All records below must be reproduced exactly, although any pictures they contain are to be omitted.
==== Record excerpts ====
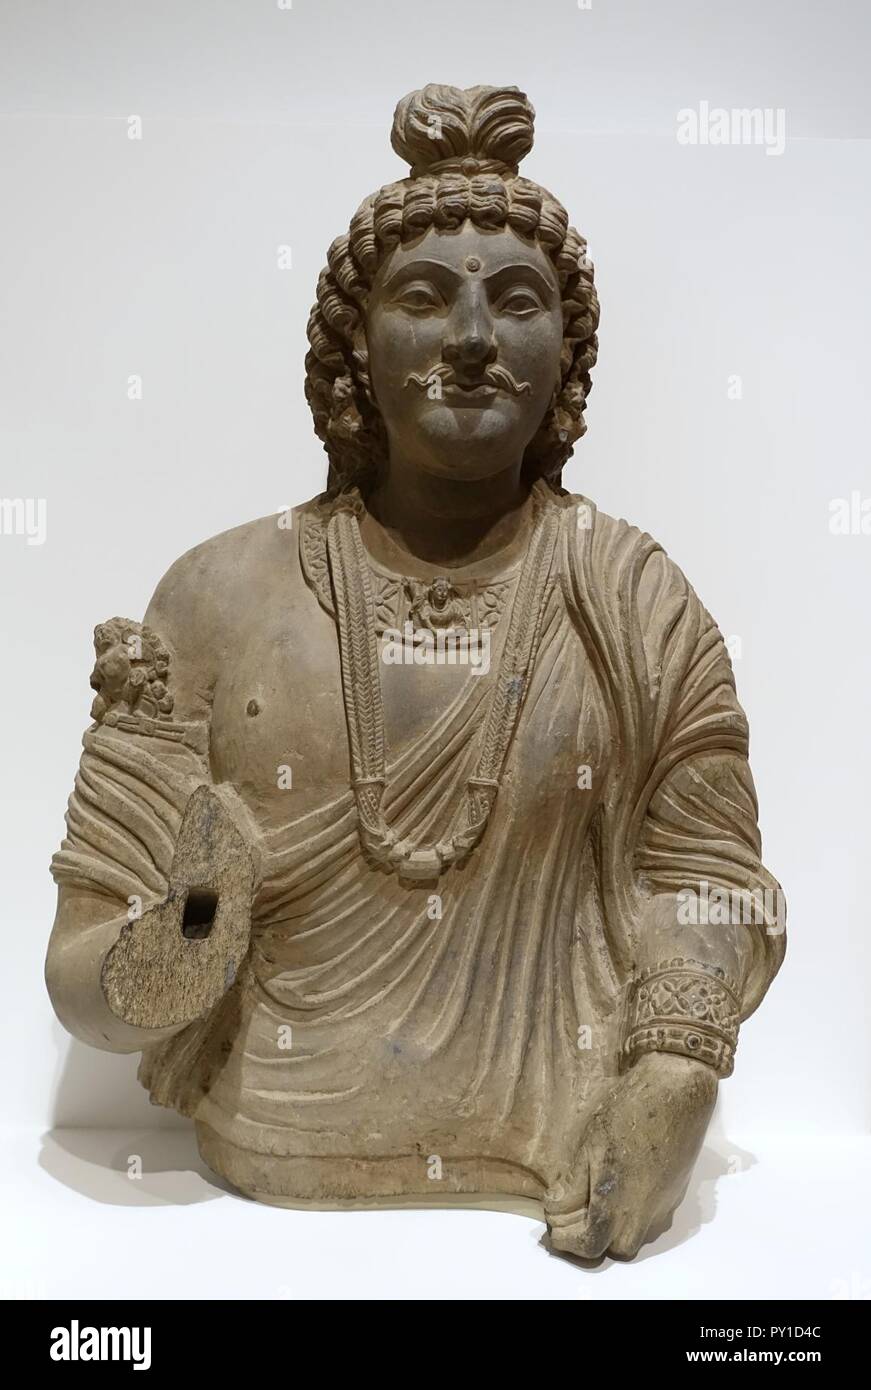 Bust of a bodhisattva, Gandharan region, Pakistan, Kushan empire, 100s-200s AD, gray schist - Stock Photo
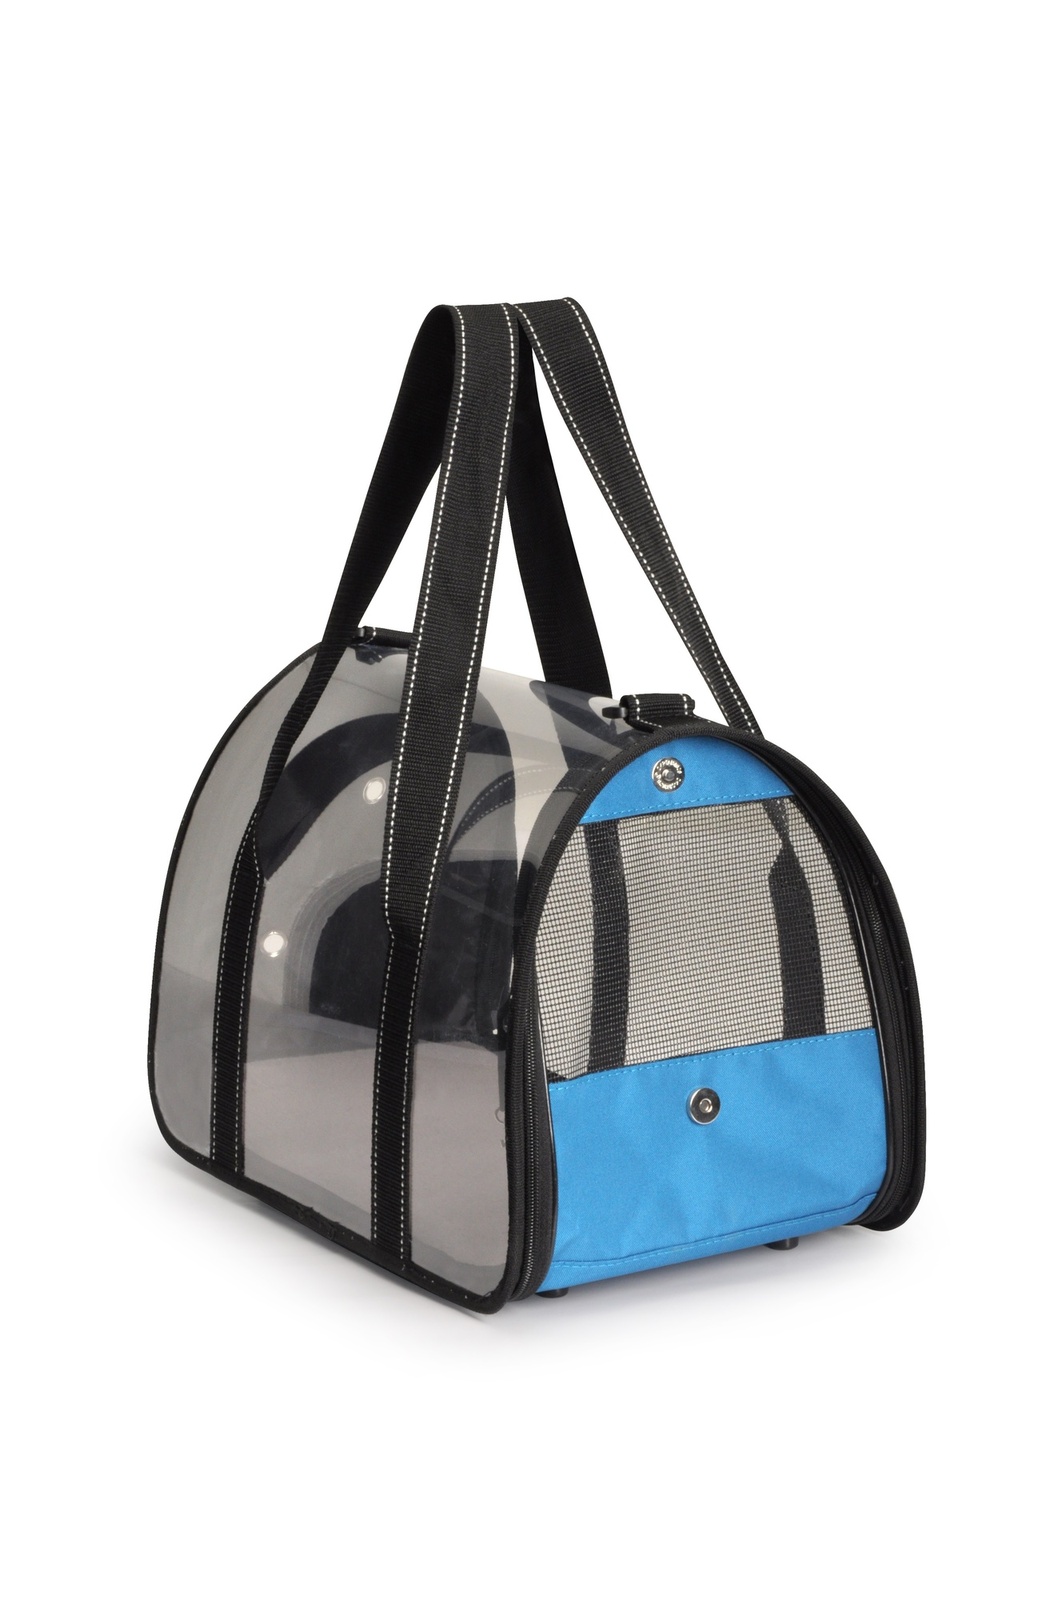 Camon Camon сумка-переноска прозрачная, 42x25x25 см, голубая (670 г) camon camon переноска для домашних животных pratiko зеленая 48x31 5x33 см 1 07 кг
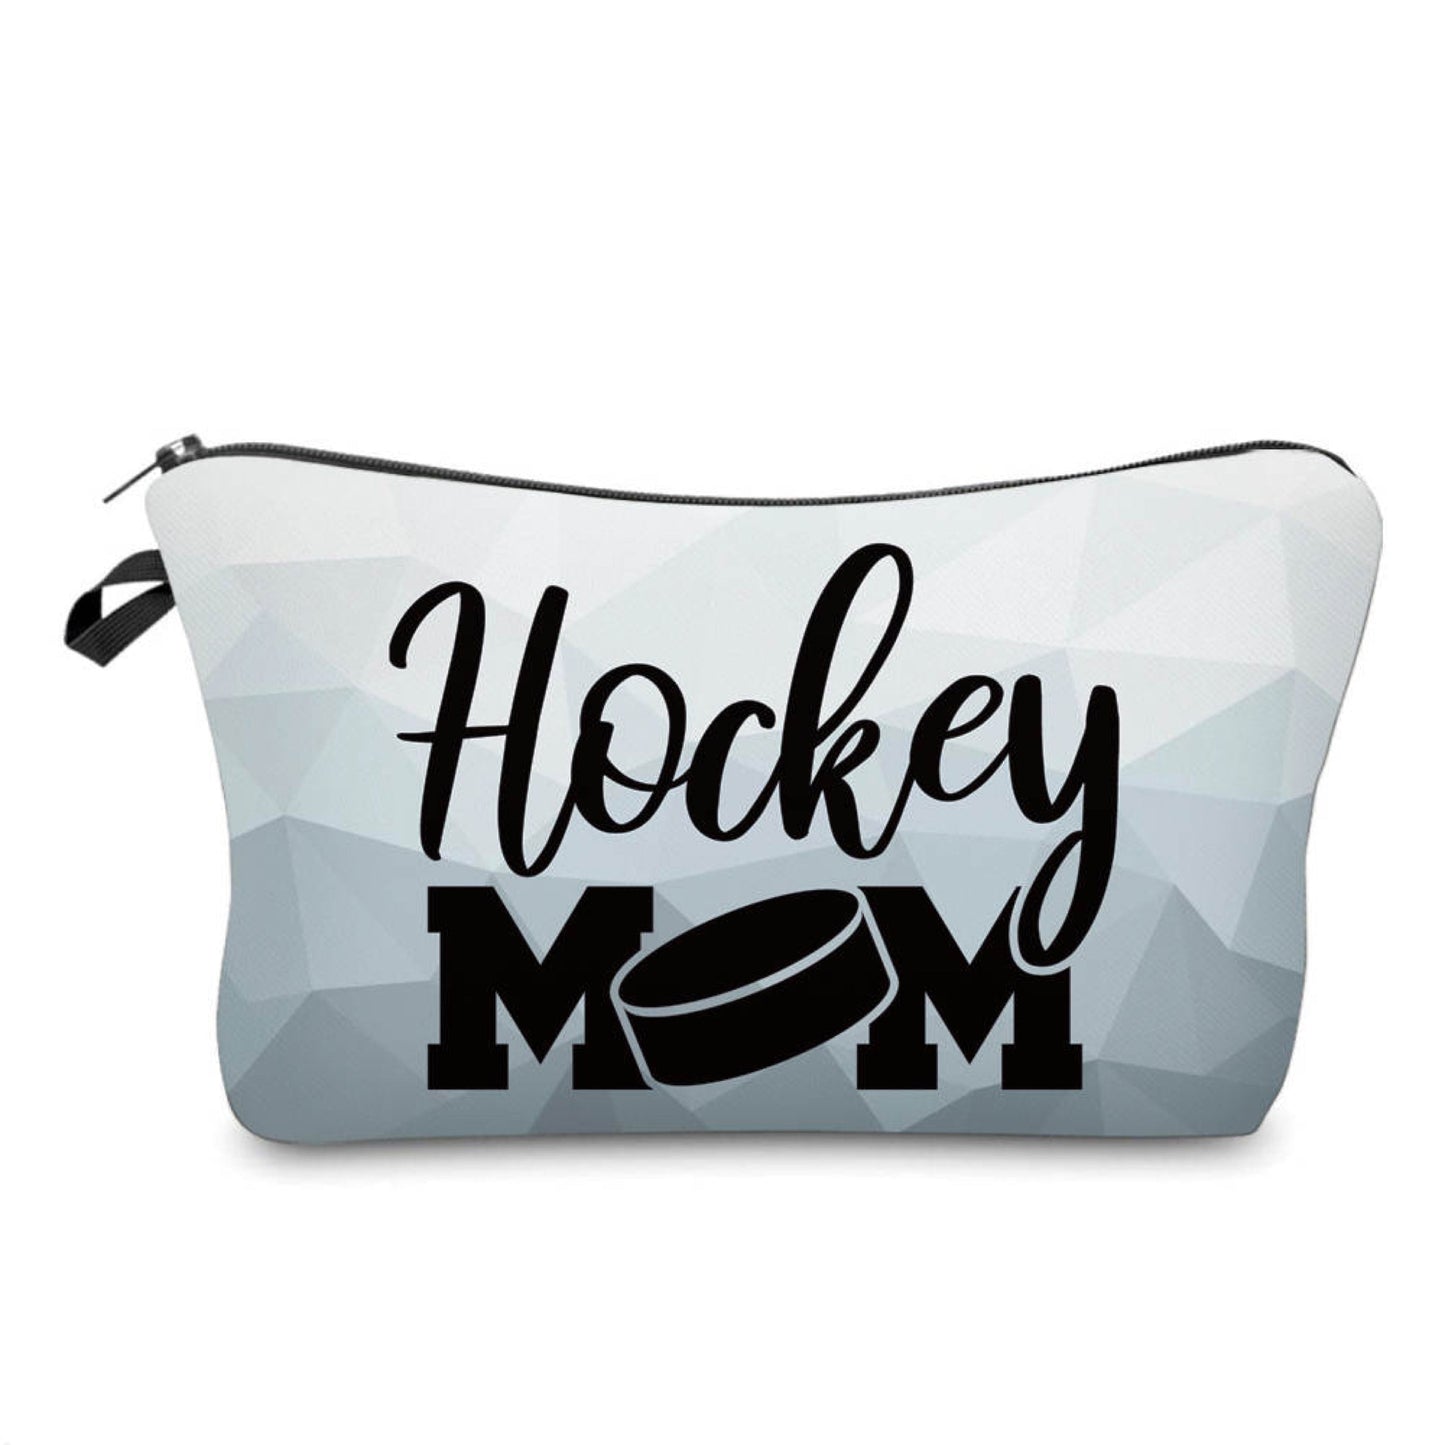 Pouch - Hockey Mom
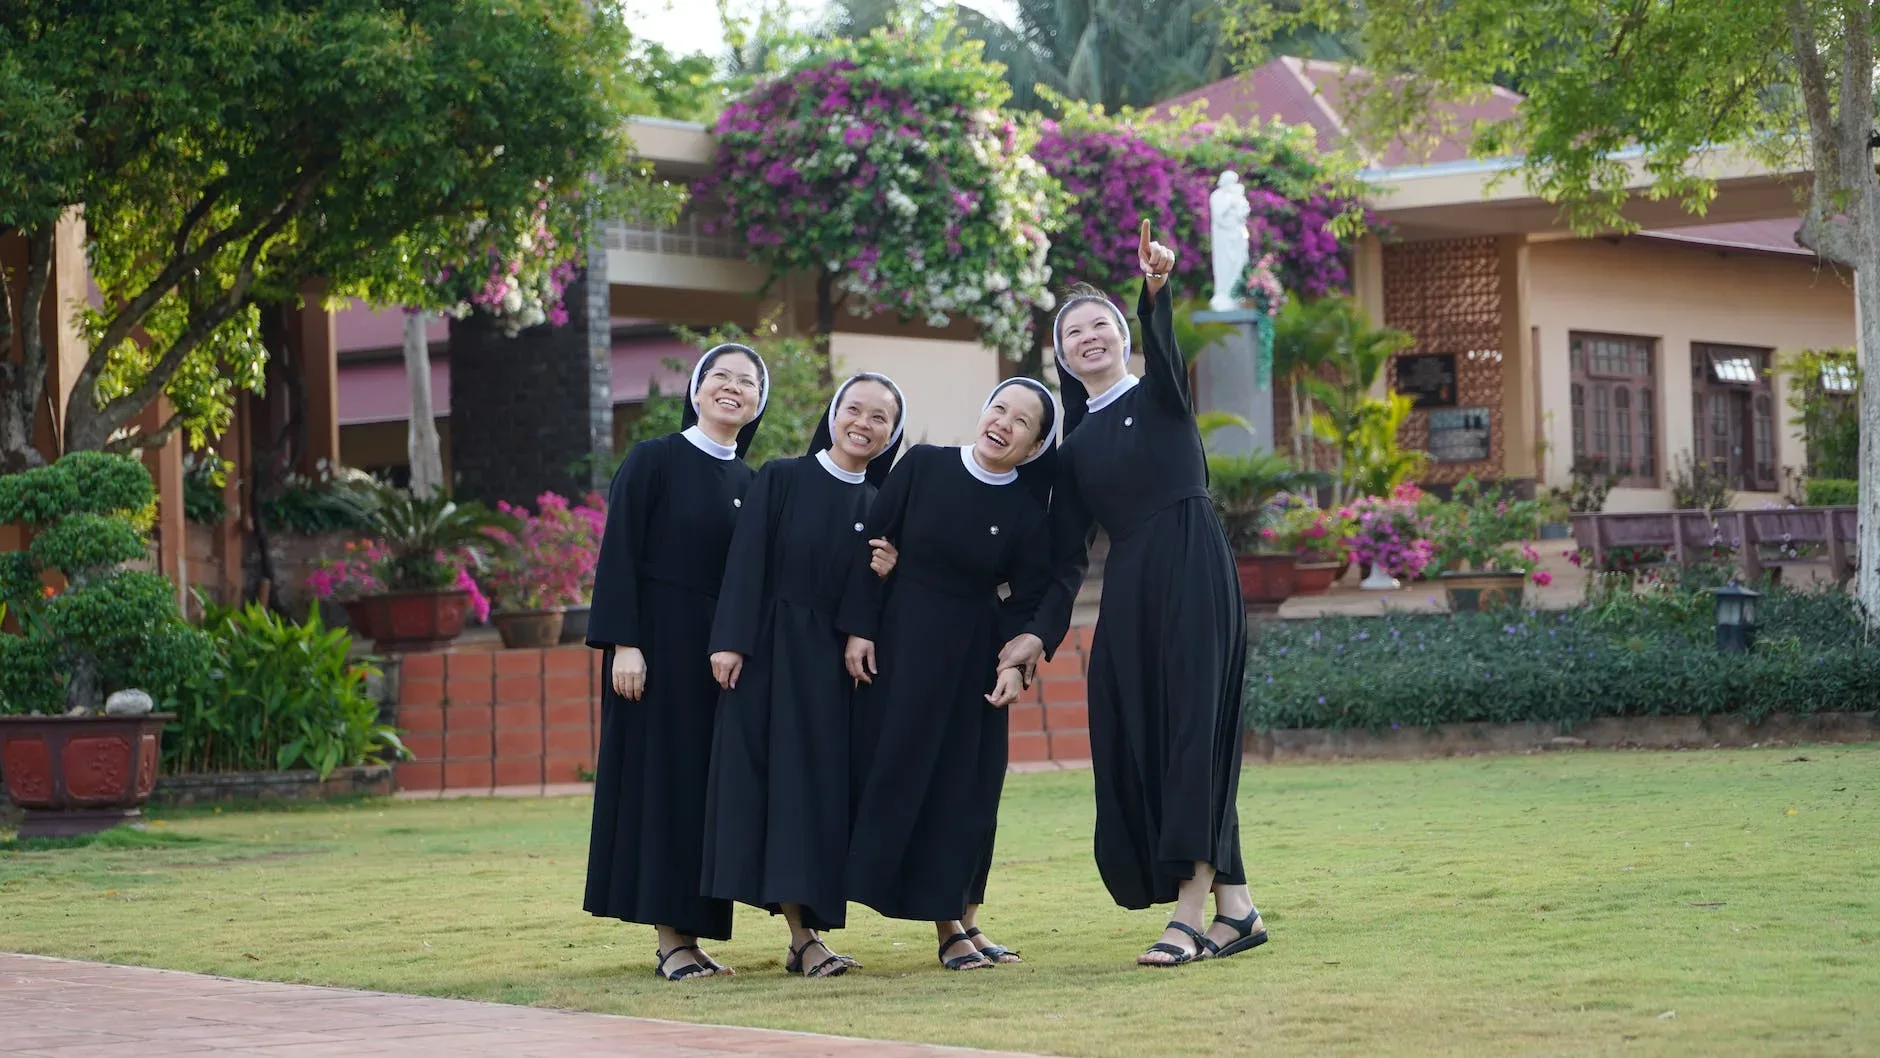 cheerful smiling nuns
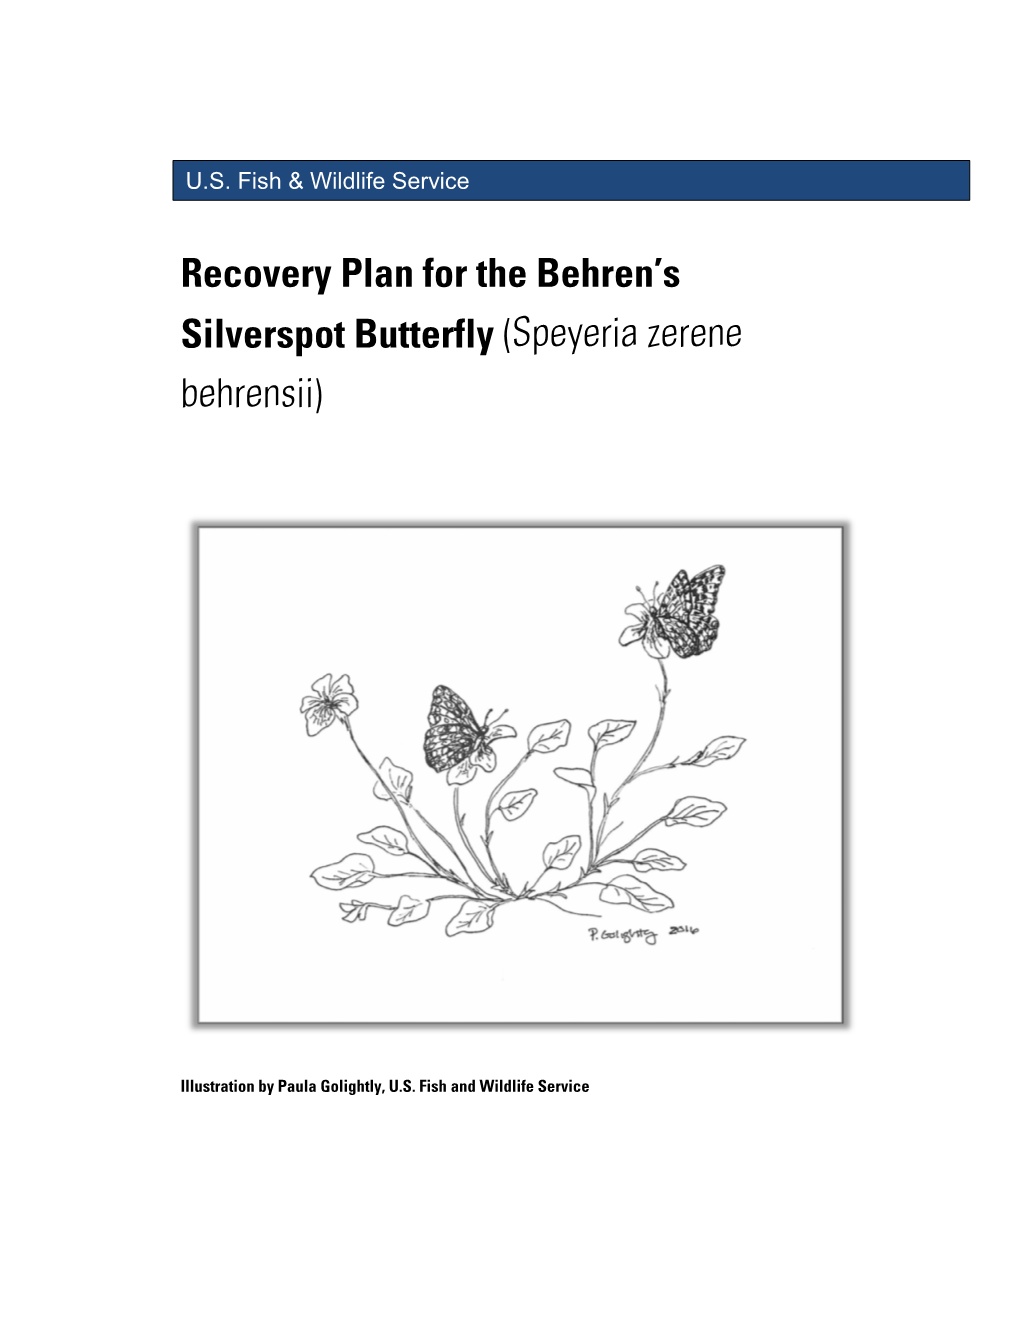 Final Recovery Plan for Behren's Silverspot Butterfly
====
• Solved exercise:
 Bust of a bodhisattva, Gandharan region, Pakistan, Kushan empire, 100s-200s AD, gray schist - Stock Photo
 Camon Camon сумка-переноска прозрачная, 42x25x25 см, голубая (670 г) camon camon переноска для домашних животных pratiko зеленая 48x31 5x33 см 1 07 кг
 Pouch - Hockey Mom
 cheerful smiling nuns
 Final Recovery Plan for Behren's Silverspot Butterfly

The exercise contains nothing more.